The background and the drawback

So TCP Window Scaling is causing the problem... Or rather, the communication between the client and server has a problem with TCP Window scaling. It may be related to the broken router problem described by Corbet in 2004. And there was an issue with the 2.6.17 kernel in 2006 described in Window Scaling on the Internet. But we are speaking 2010.

Investigation shows that indeed the SYN packet sent by the Linux box, which has the tcp window scaling option set with a factor of 128 (2^7), is anwered by a SYN,ACK from www.sciencedirect.com with the tcp window scaling option set, but with a factor of 1 (2^0):

Example 1.  'Normal' behaviour: www.oulu.fi accepts and returns tcp window scaling factor of 128 (2^7)

00:00:00.000000 00:23:7d:1b:f7:c1 > 00:00:0c:07:ac:00, ethertype IPv4 (0x0800), length 74: (tos 0x0, ttl 64, id 40897, offset 0, flags [DF], proto TCP (6), length 60)
129.125.51.98.44732 > 130.231.10.10.80: Flags [S], cksum 0x7d89 (correct), seq 3999414352, win 5840, options [mss 1460,sackOK,TS val 7710609 ecr 0,nop,wscale 7], length 0
00:00:00.049967 00:d0:00:97:4c:00 > 00:23:7d:1b:f7:c1, ethertype IPv4 (0x0800), length 74: (tos 0x0, ttl 52, id 0, offset 0, flags [DF], proto TCP (6), length 60)
130.231.10.10.80 > 129.125.51.98.44732: Flags [S.], cksum 0xa180 (correct), seq 2854207395, ack 3999414353, win 5792, options [mss 1460,sackOK,TS val 1535383264 ecr 7710609,nop,wscale 7], length 0


www.student.utwente.nl behaves like this too. Both higher and lower returns exist as well: google sets the scaling to 64 (2^6), but this causes no retransmits, packages.gentoo.org returns scaling of 512 (2^9).

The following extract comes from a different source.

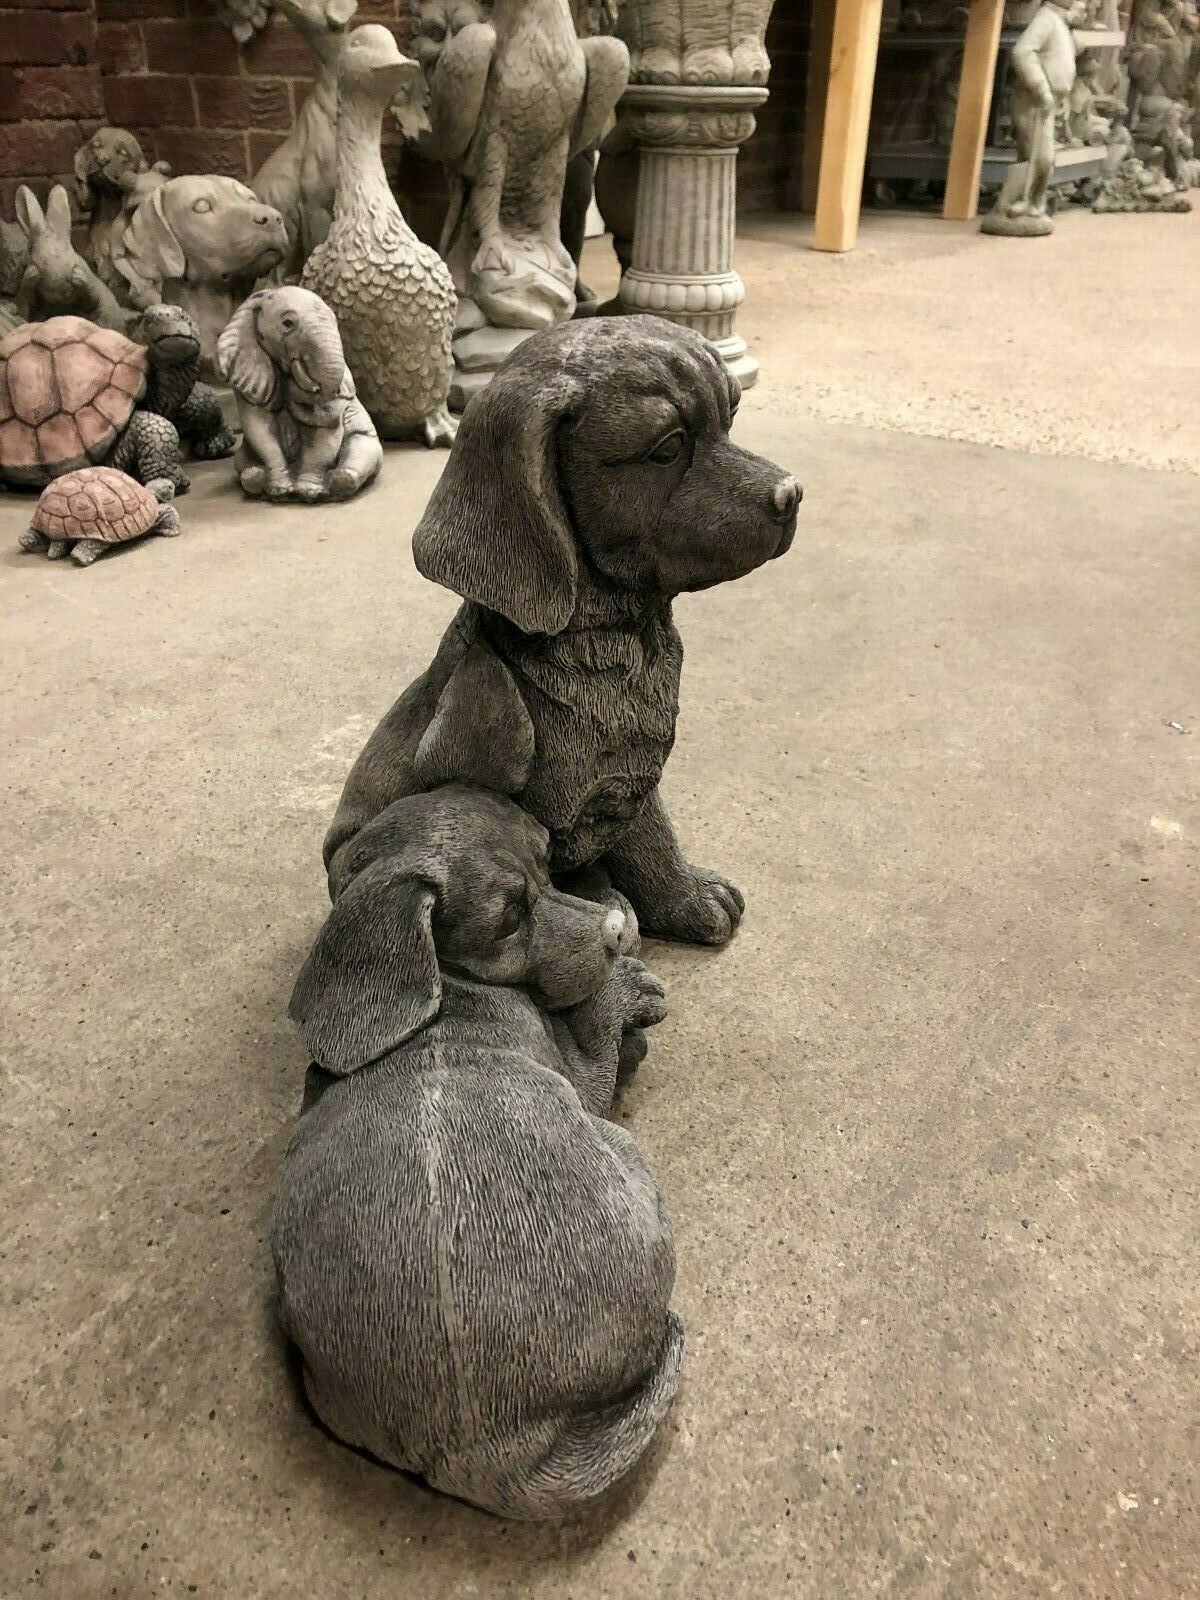 Pair of Stone Labrador Dog Ornaments
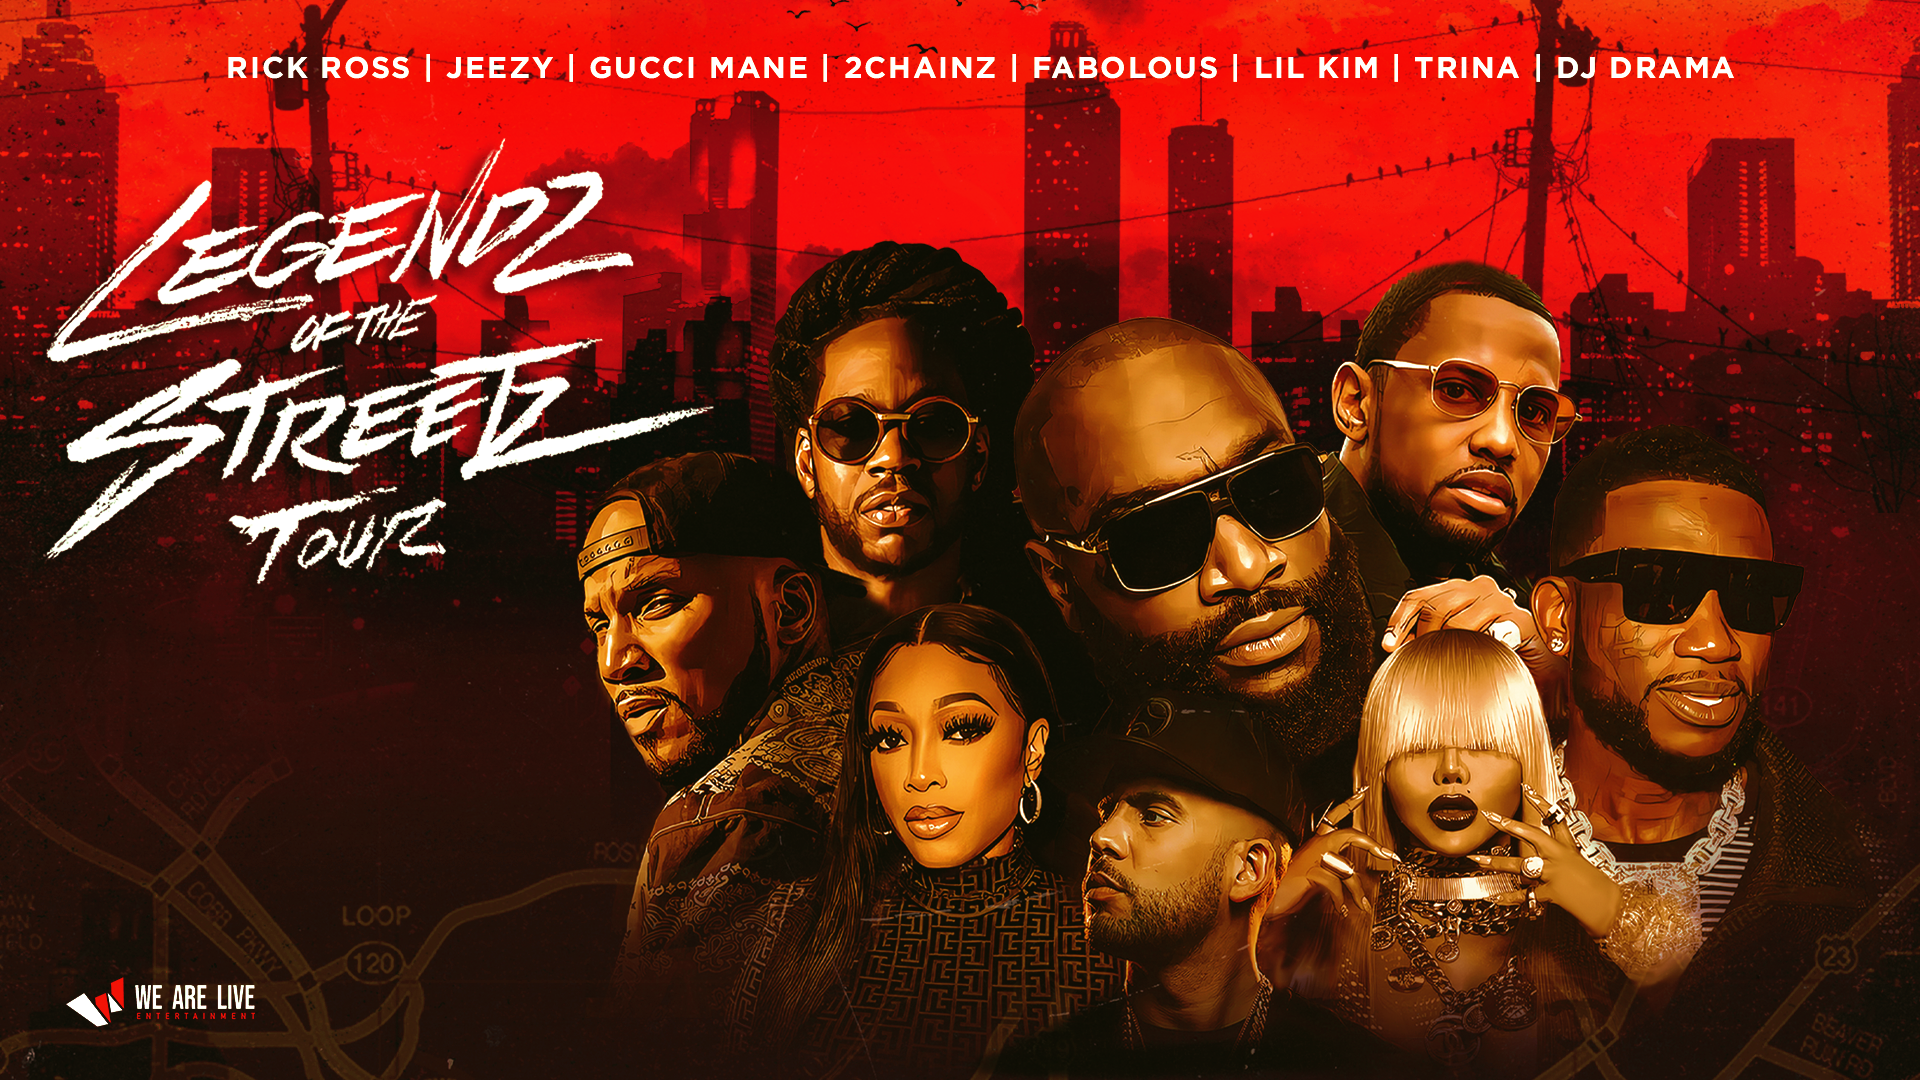 Legendz of the Streetz Tour: Rick Ross, Jeezy, Gucci Mane, T.I., Jadakiss & Cam'ron

Example 2.  'Strange' behaviour: www.sciencedirect.com returns window scaling with factor 1 (2^0) but option still on, then resends

129.125.51.98.42132 > 198.81.200.2.80: Flags [S], cksum 0x712a (correct), seq 1890434725, win 5840, options [mss 1460,sackOK,TS val 7779348 ecr 0,nop,wscale 7], length 0
00:11:27.520515 00:d0:00:97:4c:00 > 00:23:7d:1b:f7:c1, ethertype IPv4 (0x0800), length 78: (tos 0x0, ttl 242, id 8832, offset 0, flags [DF], proto TCP (6), length 64)
198.81.200.2.80 > 129.125.51.98.42132: Flags [S.], cksum 0xe5c3 (correct), seq 1867760777, ack 1890434726, win 4380, options [mss 1460,nop,wscale 0,nop,nop,TS val 3605689667 ecr 7779348,sackOK,eol], length 0


Figure 1.  routes to www.sciencedirect.com

Four routes to www.sciencedirect.com

In , we show four routes from test machines to www.sciencedirect.com. Or rather, from two hops away from the test machines to give them some privacy, to one hop away from www.sciencedirect.com (as confirmed with tcptraceroute later. Routes that get SYN,ACK with wscale 7 have the leaf (end) node in green, those with wscale 0 are red.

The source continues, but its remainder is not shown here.